Elasticsearch provides a powerful API over http for accessing its features. In this lesson, you will be introduced to the API and learn how to use it to get data from Elasticsearch using the browser and the popular command curl. We will see how adding query stream parameters can exclude or include the properties that we desire from our data.
Setup is specified in the README.md
of the repository linked below.
[00:02] I've got my Elasticsearch server running locally and I have some data imported into it. If you're following along on your own computer, make sure you check out the README doc in the lesson repo for instructions on getting Elasticsearch set up locally and importing the data if you don't have a sample dataset to play with.
[00:19] I'm going to use the curl command to execute an HTTP get request against the Elasticsearch cluster to retrieve documents. The syntax is curl-s followed by the URL to my Elasticsearch cluster, a trailing slash followed by the name of the index, and another trailing slash followed by the index type, and then a final trailing slash and the ID of the document I want to retrieve.
[00:48] For now I'm just going to tell you the index name is Simpsons and the index type is episode if you're using the sample dataset from the repo, but by the end of this course you're going to know how to identify those details on any Elasticsearch cluster for yourself.
[01:04] If I run this command it returns a JSON object with the result of the operation and that actually looks pretty horrible so I'm going to rerun it and pipe it to the JQ command. Now when we look at the results we have our index and type specified, which we already knew, and this is included here because later when you start doing searches you may get back different results with different values.
[01:29] We have the ID of the document and this version, which gets automatically incremented each time the document's updated in Elasticsearch. We have a found object that is set to true and that would be false if we specified a document that doesn't exist in the cluster.
[01:45] Finally we have this _source object, which is really the heart of what you probably are looking for when requesting a document. In this case it has the details of this particular episode of "The Simpsons."
[01:58] To get any document from the Elasticsearch cluster, all I have to do is supply the document ID in the API endpoint. The first episode was episode one. I can replace that and get episode two, or I can replace it with a three and get episode three. As long as that document exists, Elasticsearch is going to return it. If I request episode 999, you can see that found is set to false because that episode doesn't exist.
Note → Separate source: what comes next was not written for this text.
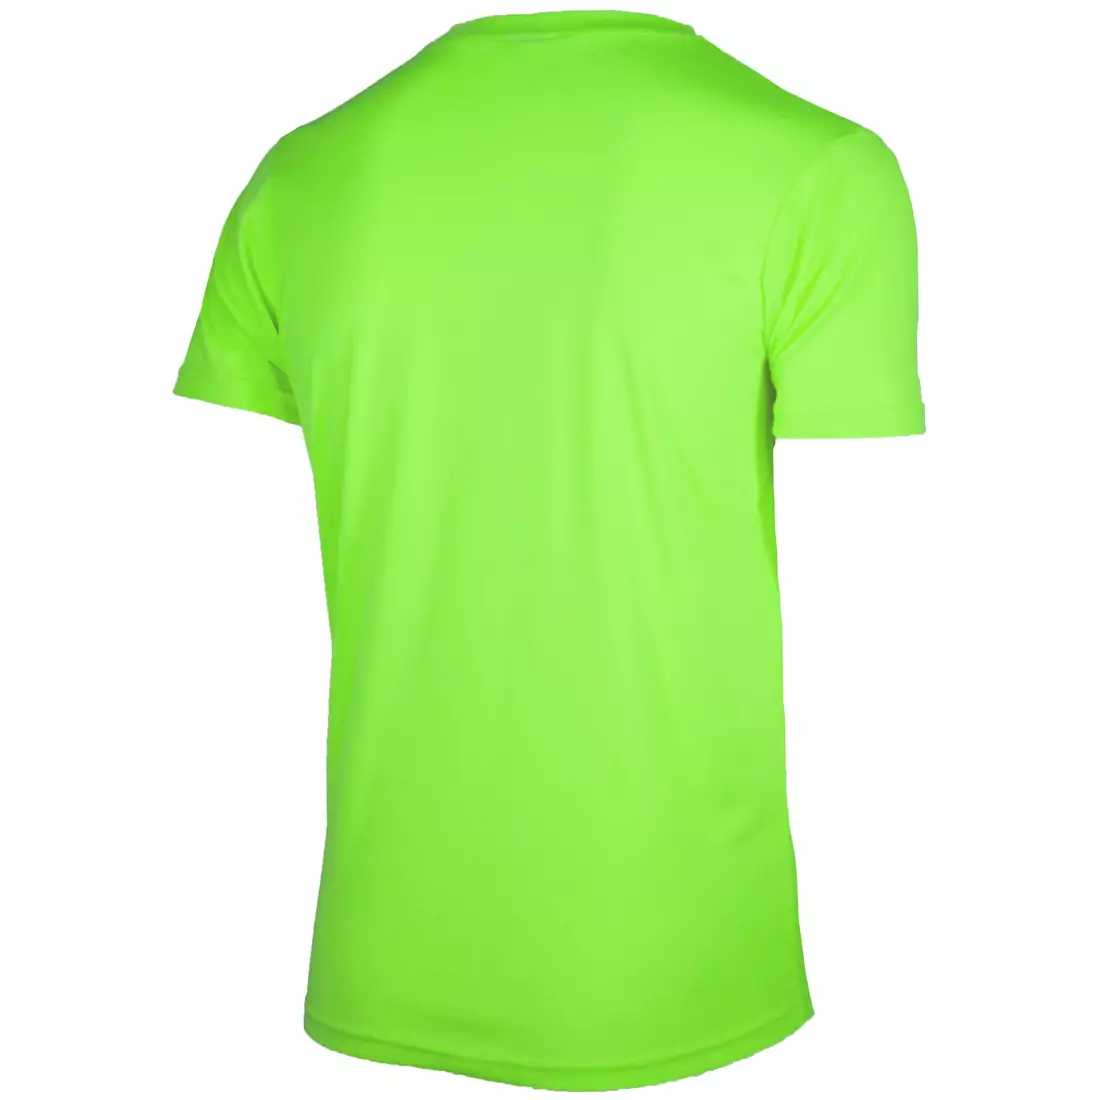 ROGELLI RUN PROMOTION męska koszulka sportowa z krótkim rękawem, fluor-zielona

[02:27] If I go back to episode one here, we talked about the _source object here being the part that I'm probably the most interested in when requesting a document. I can actually just retrieve that directly by calling the _source endpoint for a given document. That just returns that value.
[02:48] I can also add the query string parameter to exclude certain fields like the video URL using the source exclude parameter. Just by using comma-separated values I can add multiple excludes to this parameter. Or ultimately I can just request specific fields to be returned using the source include parameter.
[03:19] There are a bunch of other options available to the get API endpoint, but these are the ones that have covered a majority of my use cases. If you're interested in the other options, be sure to check out the Elasticsearch documentation using the URL shown on my browser here.